AIM OF THE TASK: In the entries below, find the line with "Artza Alinu sheet" and the line with "superior-whirlpool-18-kg-blanca", then retype both and everything between them exactly. Do not copy the pictures.

INPUT FOR THIS TASK:
*** Block opens ***
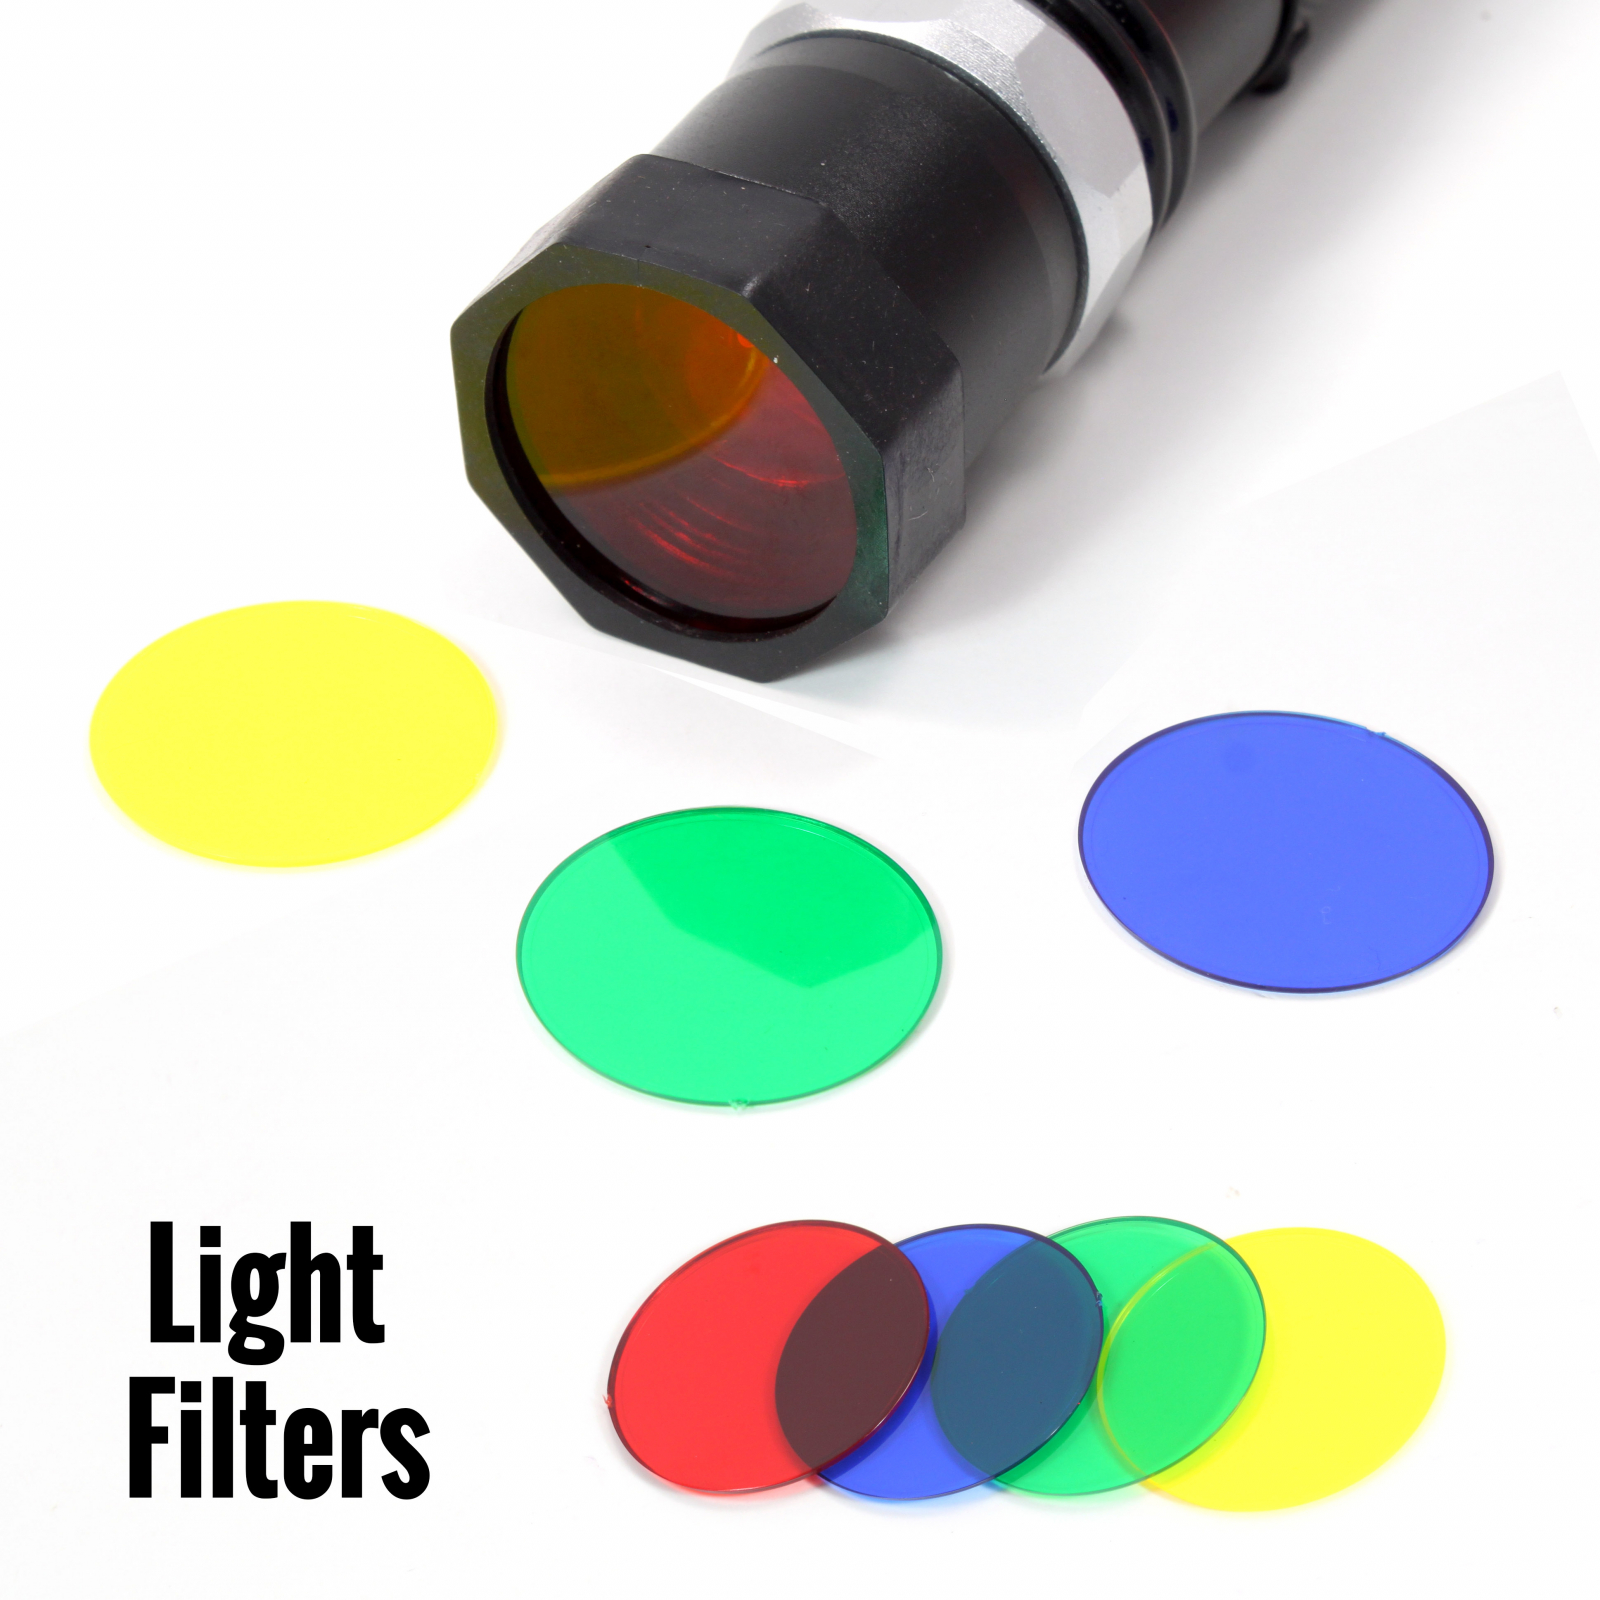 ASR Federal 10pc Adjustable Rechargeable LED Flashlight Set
*** Block closes ***
*** Block opens ***
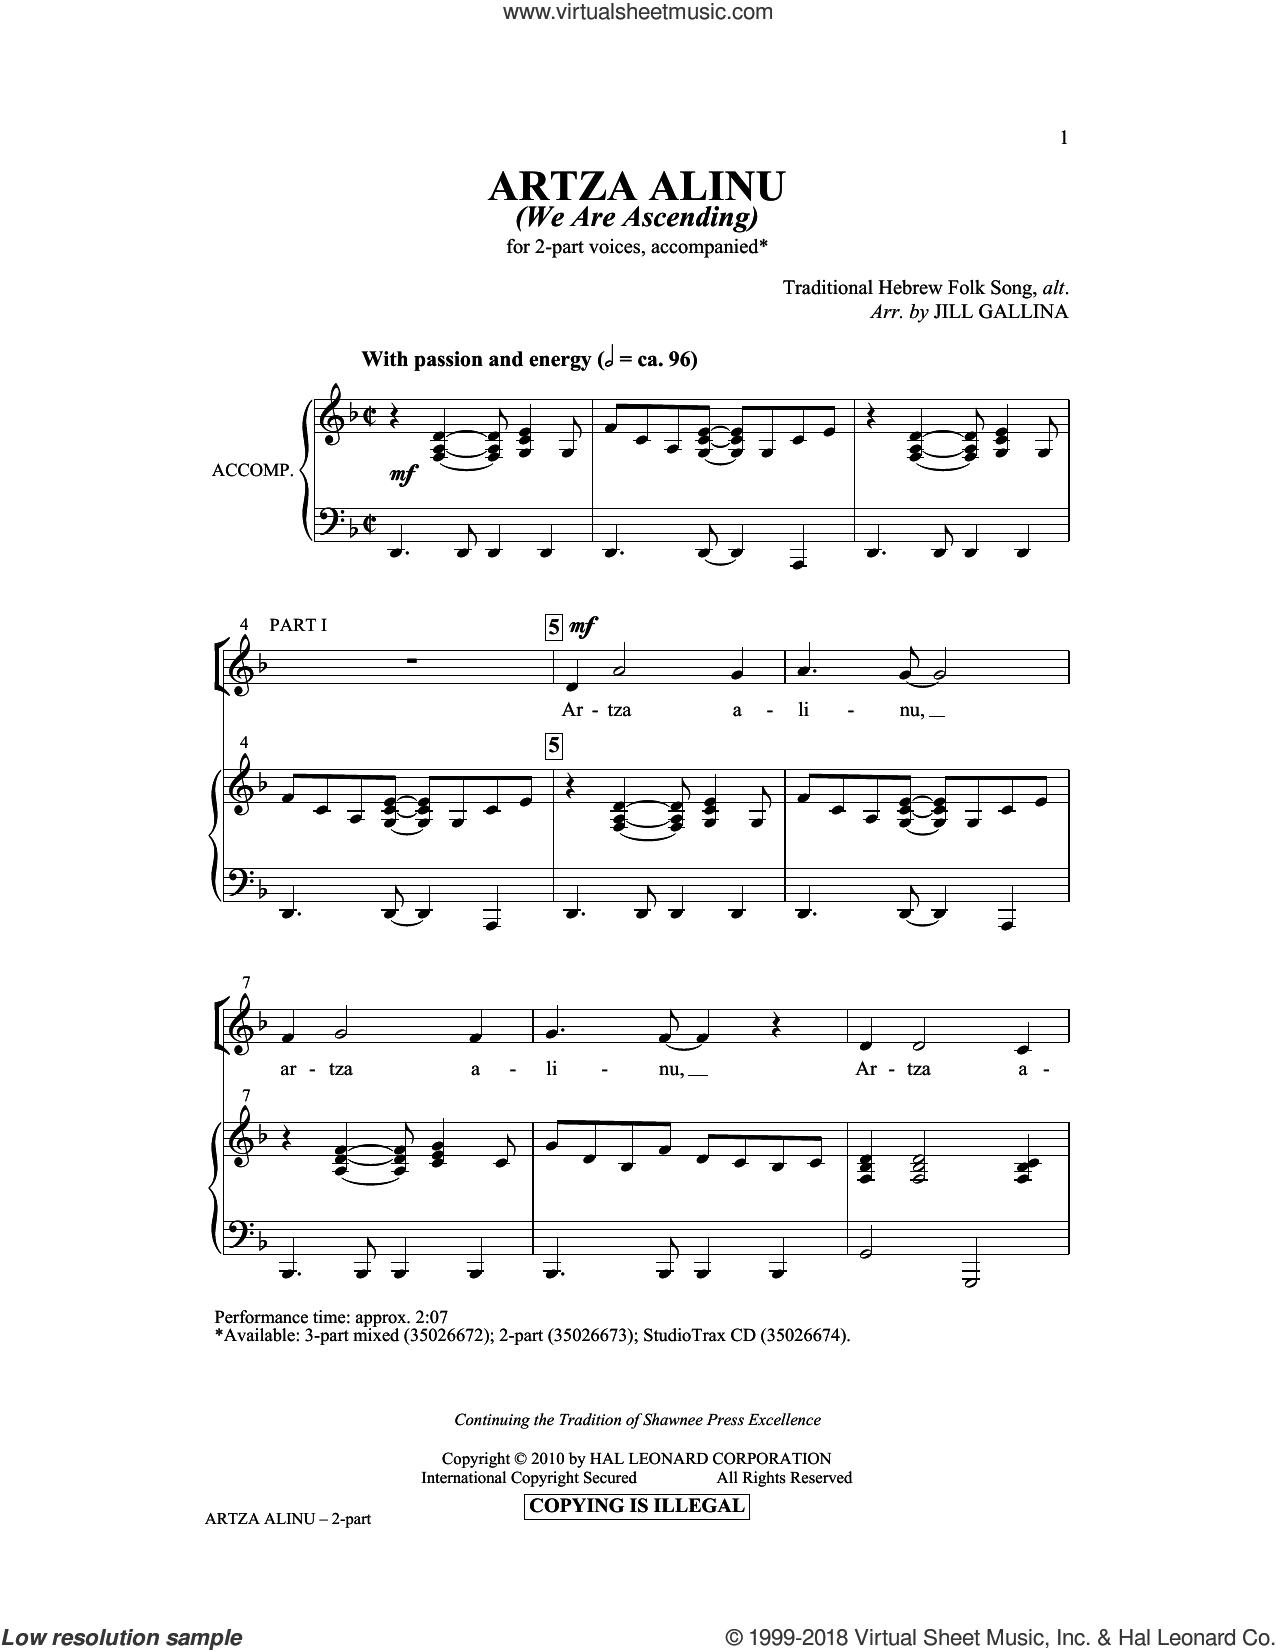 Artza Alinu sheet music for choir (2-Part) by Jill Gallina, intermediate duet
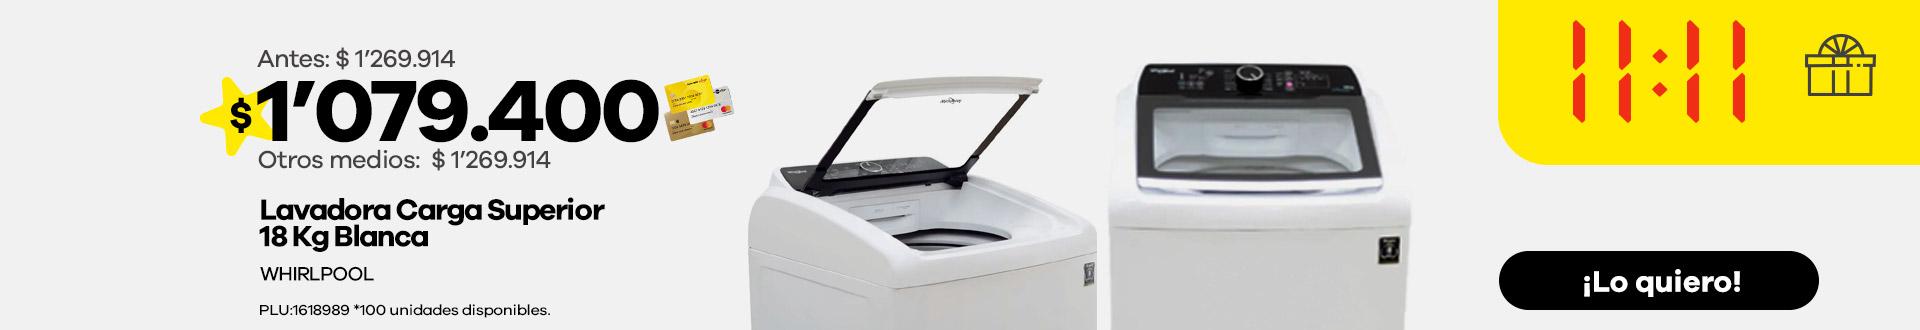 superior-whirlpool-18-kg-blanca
*** Block closes ***
TASK SOLUTION:
 Artza Alinu sheet music for choir (2-Part) by Jill Gallina, intermediate duet
 superior-whirlpool-18-kg-blanca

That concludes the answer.